Des scientifiques et des Inuits

« Pour faire de la science dans le Nord, il faut être patient, avoir du respect, et savoir s’adapter », croit la doctorante en biologie à l’UdeM Catherine Girard. Au Nunavut, elle a observé que plusieurs communautés inuites ont le sentiment d’être des cobayes pour la science, après le passage de plusieurs scientifiques n’ayant jamais communiqué leurs résultats aux communautés. Malgré cela, la biologiste note un essor de la recherche participative, basée sur la collaboration entre les chercheurs et les communautés, et des programmes de surveillance communautaire, dans lesquels les données sont recueillies par les communautés.

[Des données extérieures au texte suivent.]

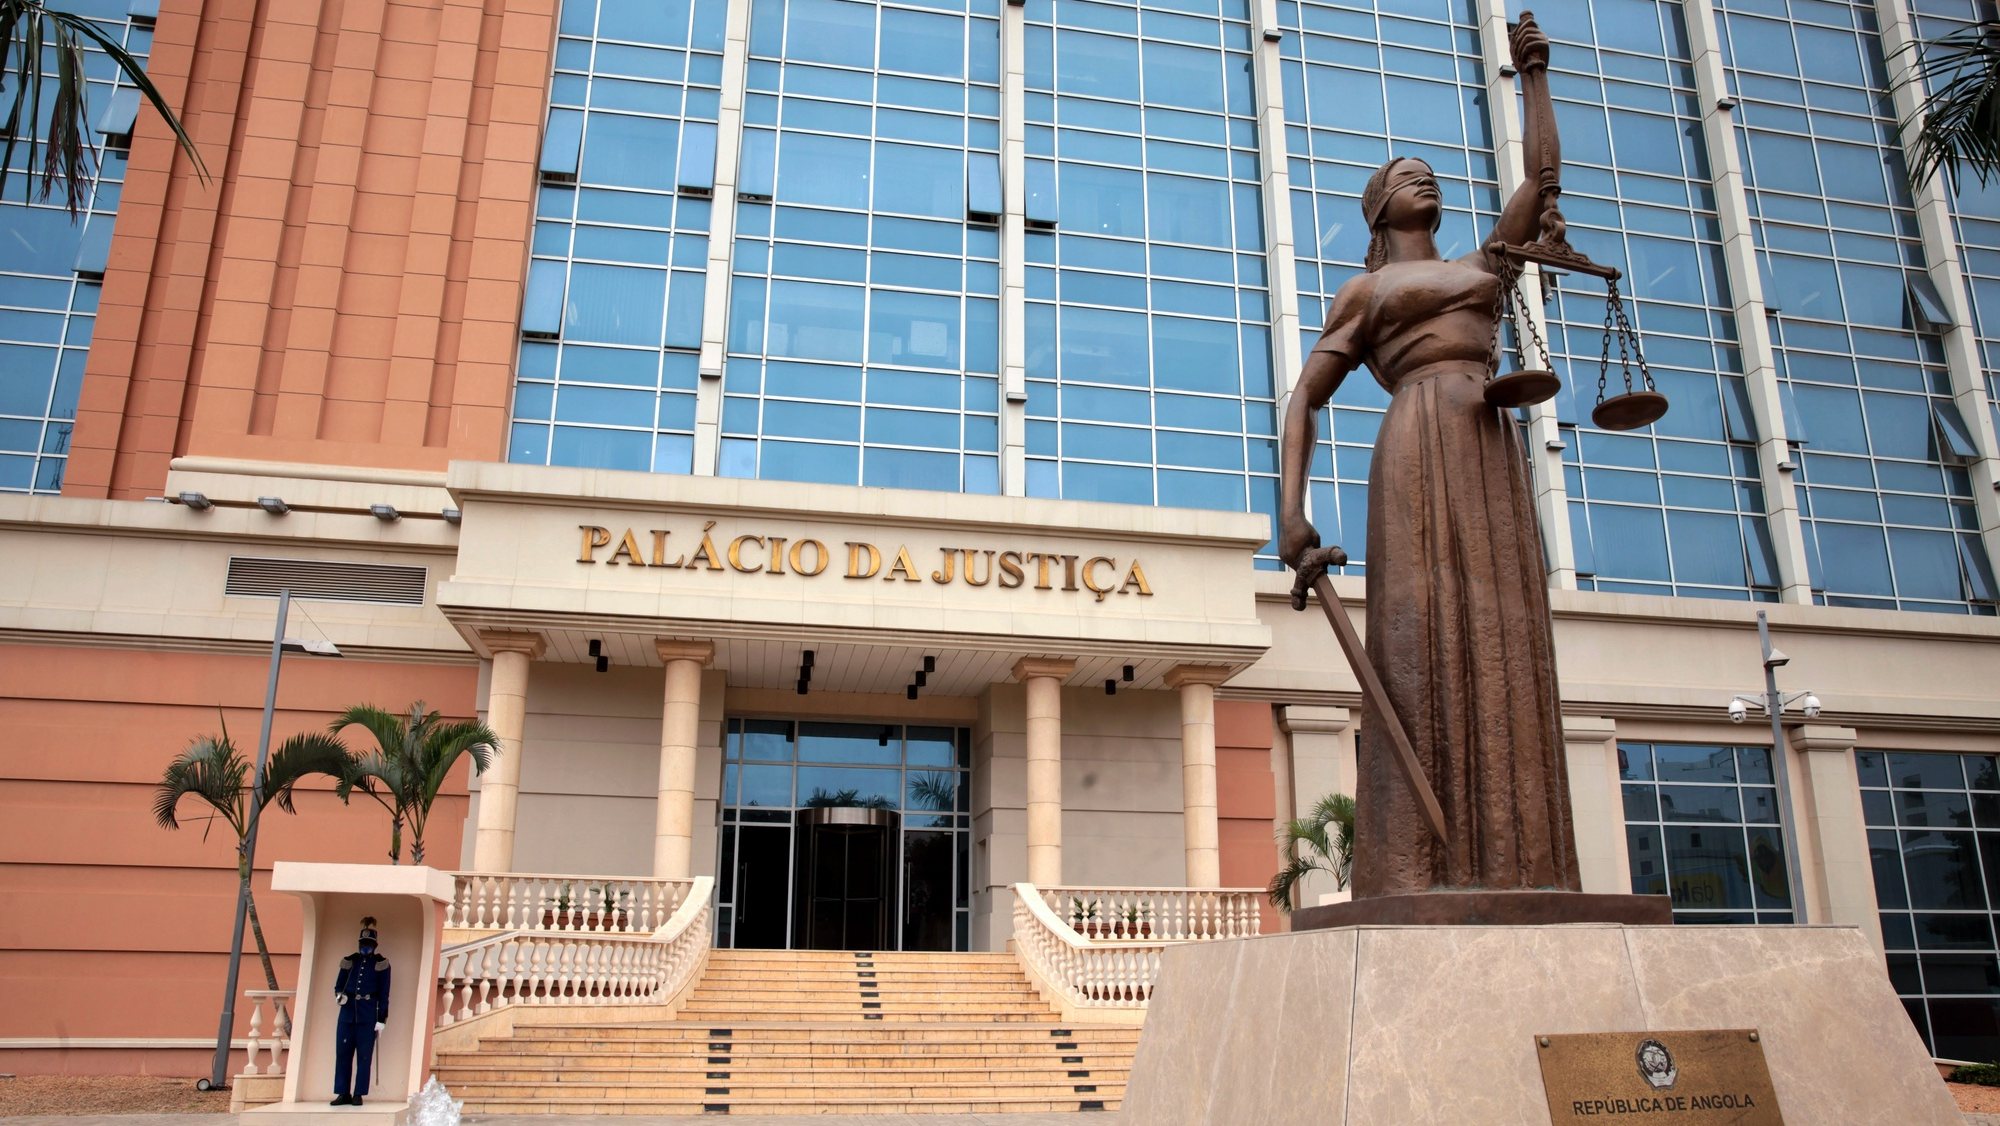 Sede da Palácio da Justiça onde decorre o julgamento do Caso BNA 500 Milhões, Luanda, Angola, 14 de agosto de 2020.  AMPE ROGERIO/LUSA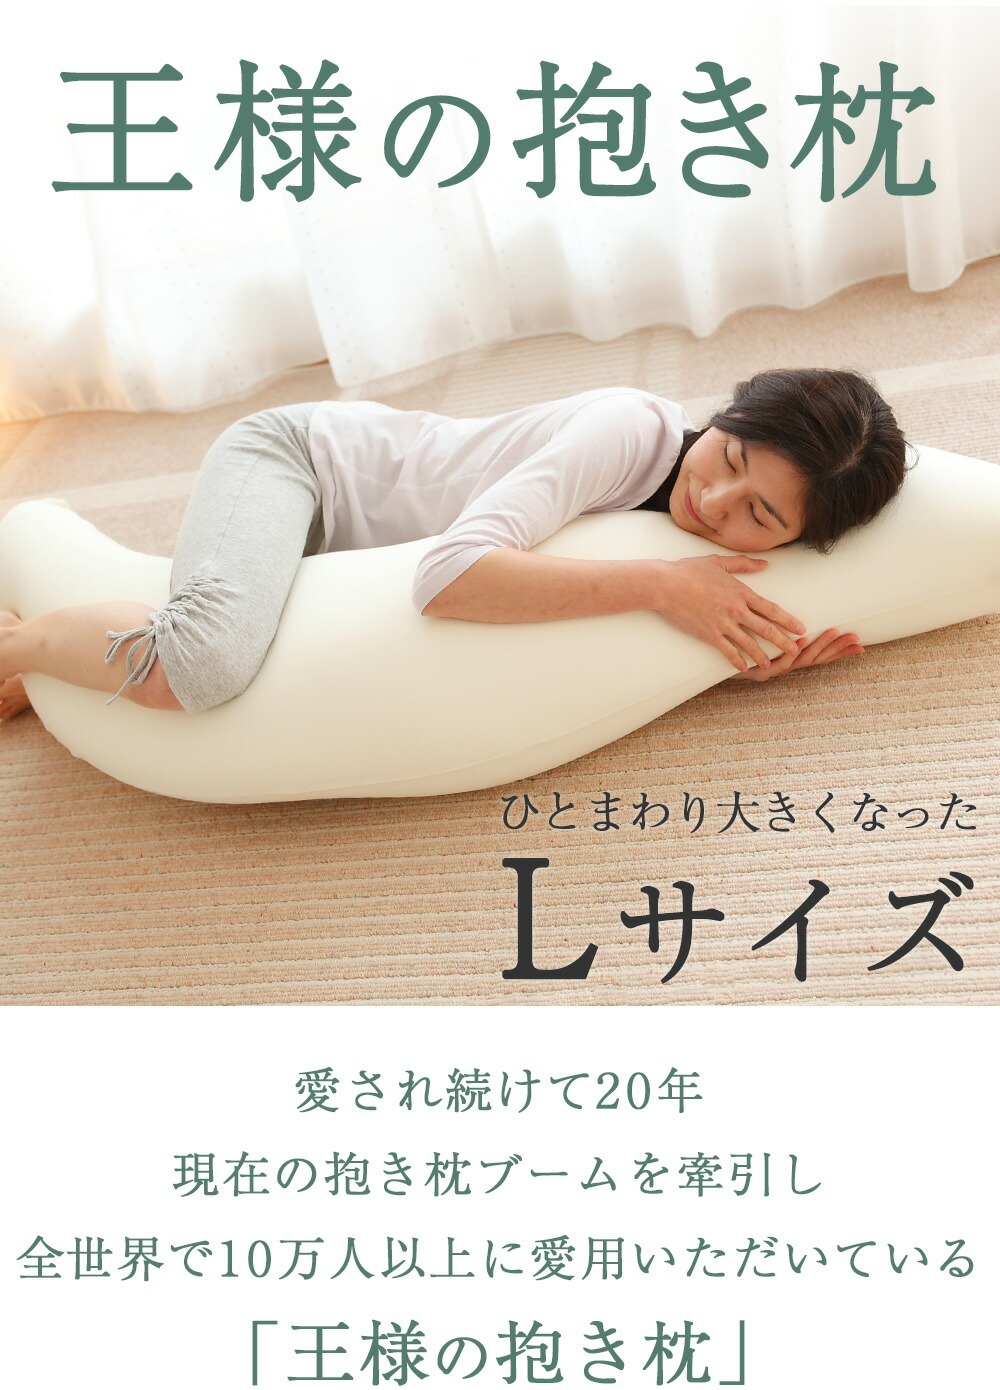 王様の抱き枕Lサイズ (抱き枕カバー付き) 大人気の「王様の抱き枕」BIG

« Apprendre à connaître le Nord, c’est être en contact avec la richesse d’une autre culture tout en demeurant dans son propre pays », témoigne Gwyneth. Si la crise des suicides attire l’attention médiatique, se rendre dans le Nord permet de démystifier les idées reçues, puisque la doctorante a côtoyé des communautés inuites qu’elle décrit comme joyeuses et solidaires. Pour l’étudiant à la maîtrise en anthropologie à l’UdeM Dominic Croteau-Deshaies, la recherche en collaboration avec les communautés peut permettre de remplacer une vision des régions polaires simpliste et stéréotypée par une représentation complexe et réelle du Nord.